Это был давно пронизавший всю жизнь советских людей страх. Страх не военный, а гражданский. Страх грозящего человеку тотального беззакония. Страх, парализующий волю человека именно как гражданина. Страх самый специфичный и унизительный, ибо более всего посягающий на человеческую порядочность.
Для меня поездка была уже перечеркнута. Но редакционное задание требовалось выполнить при всех условиях, и я горячо взялся за работу, чтобы свести срок своего пребывания в Полярном до минимума.,
А вернувшись в Беломорск, всячески старался попасться Ломоносу на глаза - ведь он так или иначе должен продолжить когда-то начавшуюся работу со мной. Так уж пусть не откладывает, теперь я опять в этом заинтересован.
И Ломонос словно внял моим надеждам.
- Явитесь ко мне в разведотдел в понедельник к двенадцати ноль-ноль, - сказал он вскоре, встретив меня возле редакции.
- Так точно! - обрадовался я. - Но мне придется доложить редактору, что я не буду присутствовать на летучке.
- Подполковник будет в курсе, - лаконично отрезал Ломонос.
И вот я опять сижу против него, а он опять перекладывает какие-то бумаги из папочки. И опять начинается нуднейшая канитель про окружение, и опять - почему так долго был на оккупированной территории: целый месяц! И опять про Фурманского, где он сейчас? И опять я мысленно ликую; ничего-то он про меня по-прежнему не знает сверх того, что я сам указал в автобиографии.
Но радость в моей душе, едва обозначившись, тотчас сменяется удивлением: неужели после сенсационного сообщения Саввы о замужестве моей сестры никто там, в Полярном, не стукнул на меня? Может ли такое быть? Ведь у Марьямова тогда собралась весьма обширная и весьма пестрая компания. Ну, хорошо, допустим, тем двум незнакомым мне подводникам и тем двум врачихам, которых я однажды мельком видел, услышанная история не пришлась близко к сердцу. «Интересно, конечно, но и своих забот хватает».
А Петя Ш.? Человек он, судя по всему, славный, но ведь бдительность - его профессия: цензор! И он со мной несколько раз общался, значит, по нынешним понятиям, тоже стал носителем заразы?

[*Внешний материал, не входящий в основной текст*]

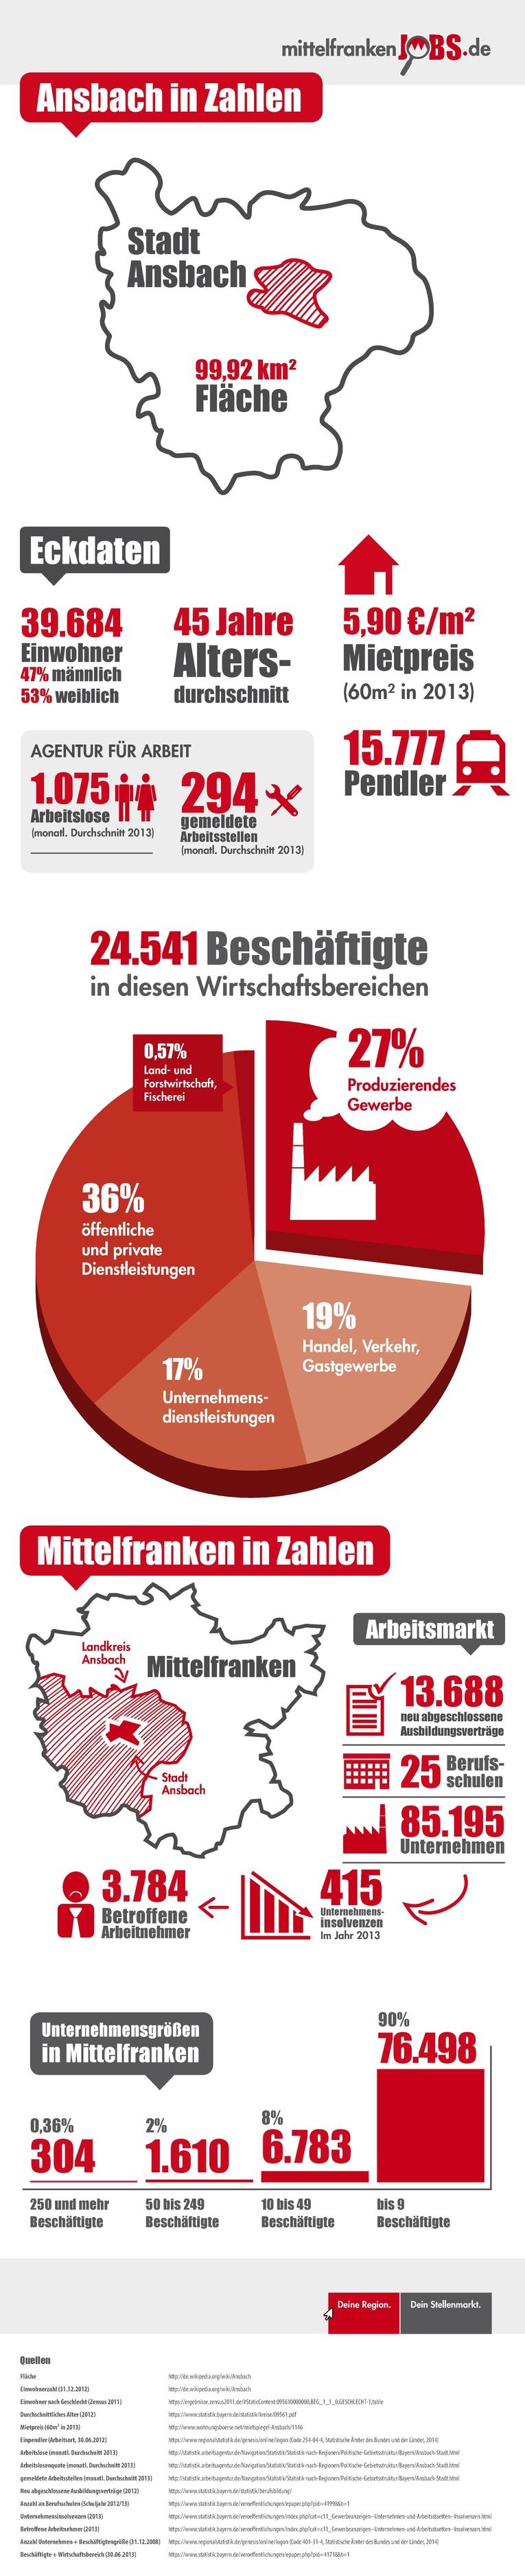 Infografik Ansbach

Или московский литератор, о котором Фурманский меня предупредил еще в первый приезд, чтобы я был с ним поосторожней? Уж такие-то люди, казалось бы, должны были не просто насторожиться, а проявить активность. С другой стороны, любой их сигнал, будь он зафиксирован там, в СМЕРШе у моряков, немедленно поступил бы и сюда, да еще с ведомственным укором -мол, кого вы к нам посылаете и откуда у армейских чекистов такая беспечность?
Конечно, размышлял я, слушая нудные обличения Ломоноса лишь вполуха, гости Марьямова не побежали утром с донесением куда надо лишь потому, наверное, что никто из них не мог предположить, будто такая информация содержит для органов элемент новизны и представляет существенный интерес. «Уж такого-то калибра связи там наверняка известны!» - рассуждал, видимо, каждый. С другой стороны, каждый, кто бегает в таких случаях со свежим донесением куда надо, наверняка знает, что сам может стать по любому поводу объектом перекрестной проверки и перепроверки и что его обязанность - не рассуждать на тему, что важно и что неважно, а своевременно сообщать факты.
И все-таки никто тогда, по-видимому, не стукнул на меня!..
Вот почему неведение Ломоноса на этот раз было для меня вдвойне отрадно. И я со всей определенностью сказал ему, что он совершенно напрасно рассчитывает на мое содействие. На том мы и расстались, причем он даже не намекал на ожидающие меня вследствие моего отказа с ним сотрудничать неприятности. Он просто поставил на мне крест.
И все-таки я еще был в окружении...
Если не ошибаюсь, Сергей появился у нас на Маросейке в 1934 году. Мы жили тогда в огромной коммунальной квартире в большущей комнате, которая в прежние времена, очевидно, служила кому-то гостиной, а ныне, разделенная фанерными перегородками на три отсека, стала обиталищем нашей семьи -моих родителей, сестры с мужем и моим.
В то лето сестра и ее муж - Андрей Б. - уехали отдыхать в Хосту, где и познакомились с Сергеем. Он стал у нас бывать. Раз или два приходил с женой Лелей, а потом только один. И по мере того как Сергей становился у нас все более привычным посетителем, живший и раньше на два дома Андрей все чаще оставался ночевать у своих родителей, обитавших где-то в другом районе. В конце концов он и вовсе перестал появляться на Маросейке.
Андрей, примерно мой сверстник, был кинооператором, если мне не изменяет память, ассистентом в съемочной группе Григория Александрова. Человек веселый, красивый, чрезвычайно легкий в общении и не дурак выпить, он привычно становился душой любой компании и всегда поражал меня своими обширными знакомствами. В этом смысле Сергей - он хотя и не поселился у нас, но явно пришел ему на смену -отличался скорее своей незаметностью. Я невольно сравниваю эти два характера, хотя по типу поведения, по интересам, да и по социальному кругозору это были натуры почти несопоставимые.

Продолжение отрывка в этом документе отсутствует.